11. Assignment of Claims

Claims arising from this contractual relationship and all claims against the damaging party or its insurer arising from the loss of or damage to reserved goods may only be assigned to third parties with prior written permission of Olympus Life Science Research Europa GmbH.

12. Export control rulings

  1. The export of certain goods, information, software and documentation can for example, by very nature of their type or their purpose or end purpose be subject to the approval agreement. The end user shall strictly abide by the relevant export regulations pertinent to the goods, information, software and documentation in question, in particular with regard to the EU, EU member states as well as the USA.
  2. In abidance with the legislation governing export controls of the Federal Republic of Germany, as well as of the EU member states and the USA the end user/ordering person or body/purchaser is under obligation to procure at his own cost and before the actual export of products or technical information, which he has received from Olympus Life Science Research Europa GmbH, all the required export licenses and any such other documents necessary.
  3. The end user/ordering person or body/purchaser shall be under obligation, not to sell, export, re-export, deliver or otherwise pass on, whether directly or indirectly, such products or technical information to persons, companies or to other countries in so far as this be in breach of laws and rulings of the Federal Republic of Germany, other EU member states or the USA. The end user/ordering person or body/purchaser is obliged to inform all recipients of these products and/or of any technical information of the requirement to abide by these laws and rulings.
  4. The end user/ordering person or body/purchaser shall procure at his own cost all licenses and documents required for export and import, which may also be required for using the products. Refusal of export permission does not entitle the end user/ordering person or body/purchaser to withdraw from the contract or to claim for damages.

13. Privacy

Data will be processed according to the applicable laws and taking account of our privacy policy. Data collected from the Customer will only be collected, processed and used to the extent required for the conclusion and performance of the sales agreement and/or any further agreements between the Customer and Olympus Life Science Research Europa GmbH.

14. Place of Performance

The place of performance for deliveries, payments and warranties shall be Munich.

15. Place of Jurisdiction

  1. For all disputes Munich shall be the agreed place of jurisdiction for merchants, legal entities under public law, and separate public estates.
  2. For all cases listed in Item 13.1. Olympus Life Science Research Europa GmbH shall also be entitled to take legal action before the customer’s court of jurisdiction.

16. Validity of the Olympus Life Science Research Europa GmbH Terms of  Delivery and Applicable Payment Law

  1. Should individual provisions of the contract outside these Terms of Delivery and Payment be invalid, this shall affect neither the validity of the other provisions nor that of the contract.
  2. The Terms of Delivery and Payment and the contracts concluded within the framework of these terms and conditions are subject to German law. The Vienna Convention (UN Convention on Contracts for the International Sale of Goods of 11 April 1980) is not applicable.
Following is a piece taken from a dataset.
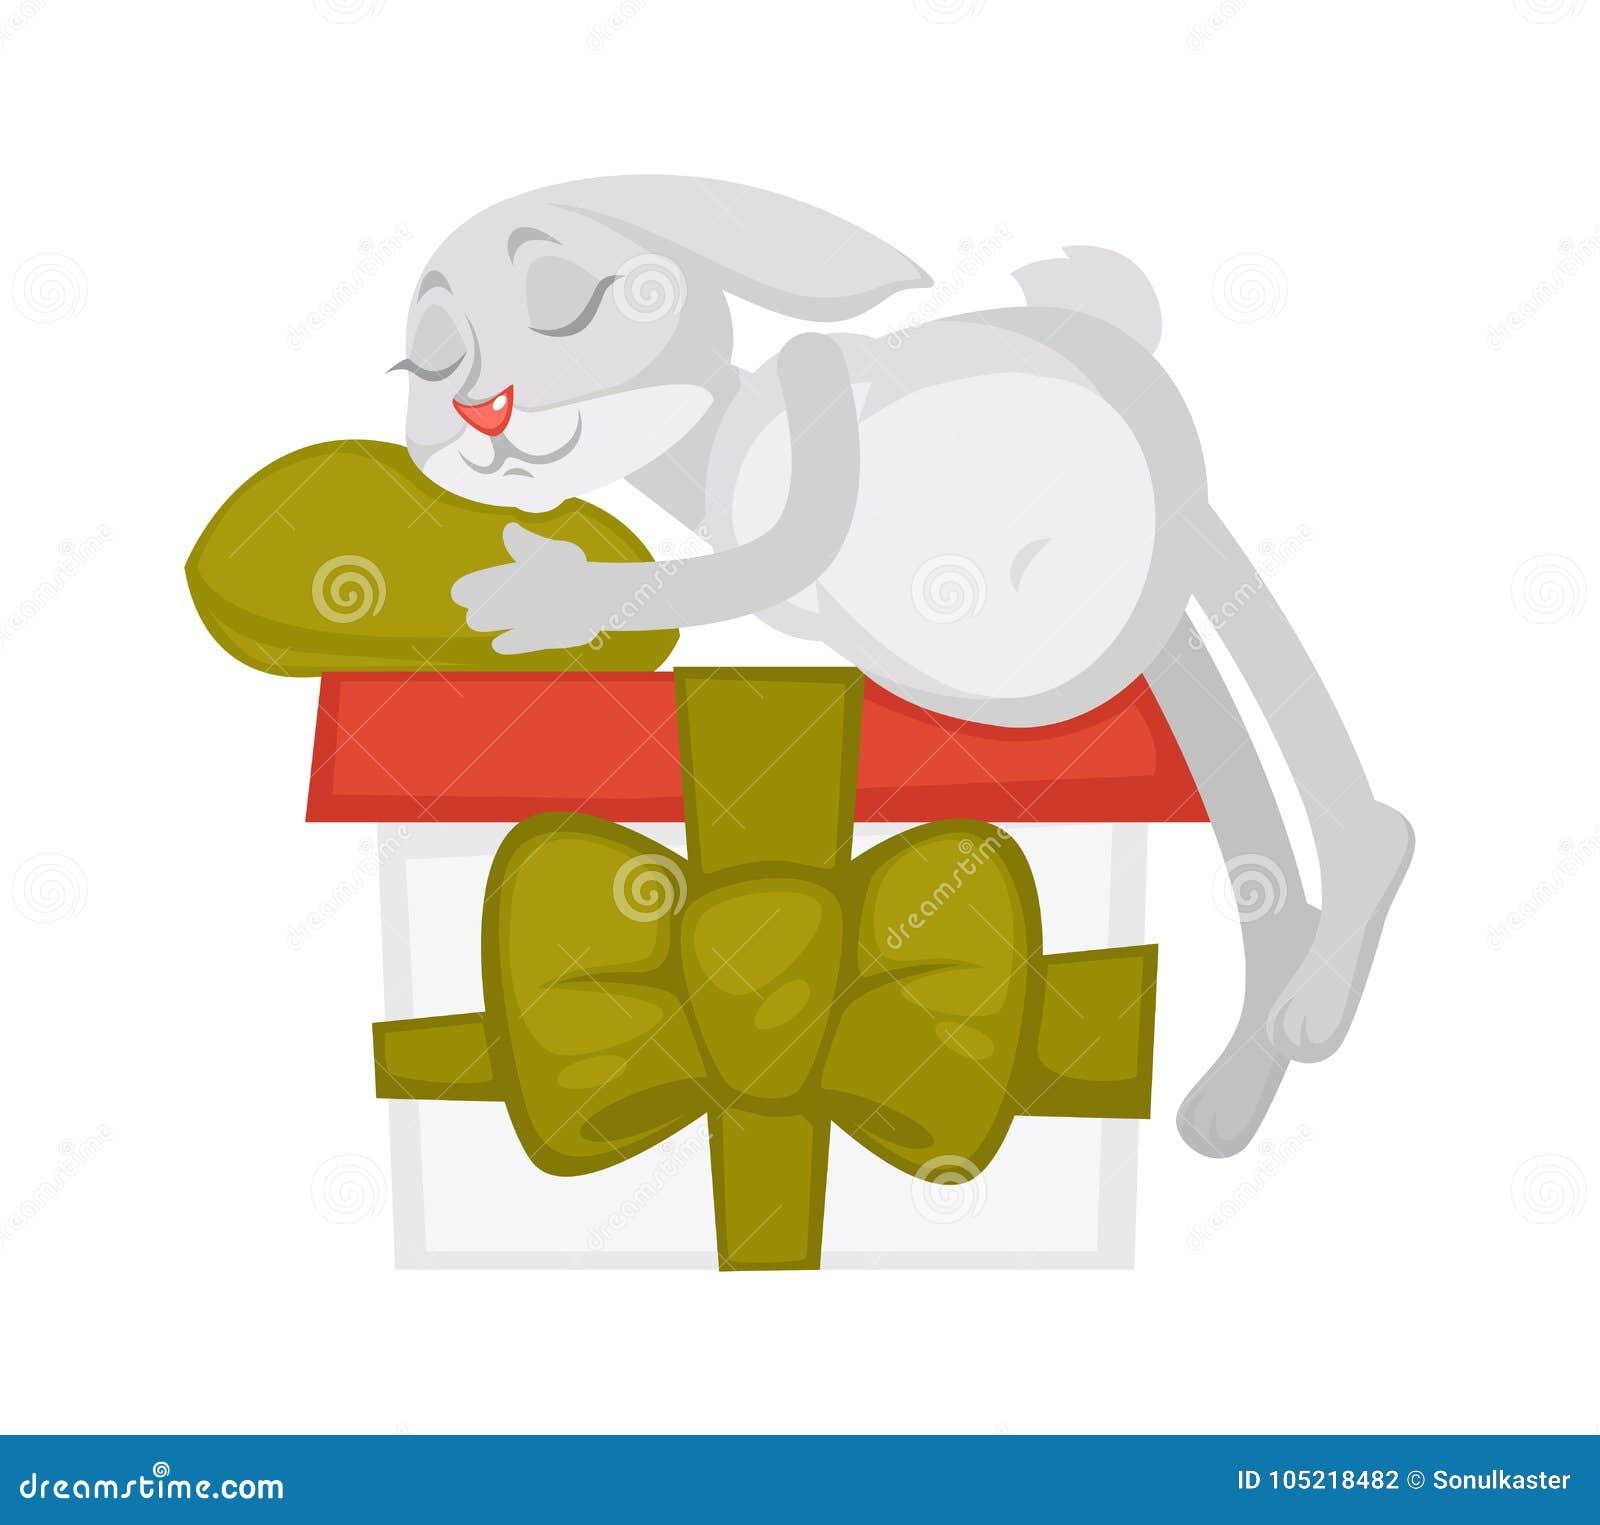 Bunny sleeps on huge gift box with ribbon and bow

17. Business Dealings with Non-Commercial Entities

  1. The above provisions shall apply to business dealings with purchasers who are not commercial entities/business persons [Unternehmer] within the meaning of Section 14 of the German Civil Code [BGB], with the following amendments:
  2. Item 3.2. shall apply subject to the provision that the price calculation is based on the prices applicable on the date of delivery/performance if the delivery or performance occurs more than four months after conclusion of the contract.
  3. The reservation of current account in Item 4.1. shall not apply. The interest rate stated in Item 4.4. shall be 5% above base rate, subject to a minimum interest rate of 7%.
  4. Item 5.7. – Partial deliveries – shall not apply.
  5. Item 6.4. – Packaging damages – and Item 7 – Passing of risk – shall not apply.
  6. Item 8 – Reservation of title – shall apply with the following wording: Olympus Life Science Research Europa GmbH shall retain title to the goods delivered until the purchase price has been paid in full. Olympus Life Science Research Europa GmbH’ claims shall not be extinguished upon being included in any current account balance and Olympus Life Science Research Europa GmbH recognising this balance. The Customer shall be entitled to resale of the reserved goods only within the framework of his ordinary course of business, either against payment in cash or upon agreeing upon a reservation of title. In the event of sale, the Customer shall assign to Olympus Life Science Research Europa GmbH all resulting claims against the purchaser in full and with all ancillary rights (reservation of title, transfer of ownership by way of security) until all debts arising from the purchase price have been paid in full. The reservation of title shall also extend to new products manufactured by combining the goods which Olympus Life Science Research Europa GmbH has delivered with other objects. In the event of combination with other objects, Olympus Life Science Research Europa GmbH shall acquire coownership, which co-ownership the Customer shall hold in safe custody for Olympus Life Science Research Europa GmbH.
  7. Item 9.1 shall apply with the following wording: The warranty period shall last 24 months from the date of delivery to the user.
  8. Item 9.2. shall apply with the following wording: During the warranty period, Olympus Life Science Research Europa GmbH shall at the choice of the user either replace the goods or remedy the defect free of charge.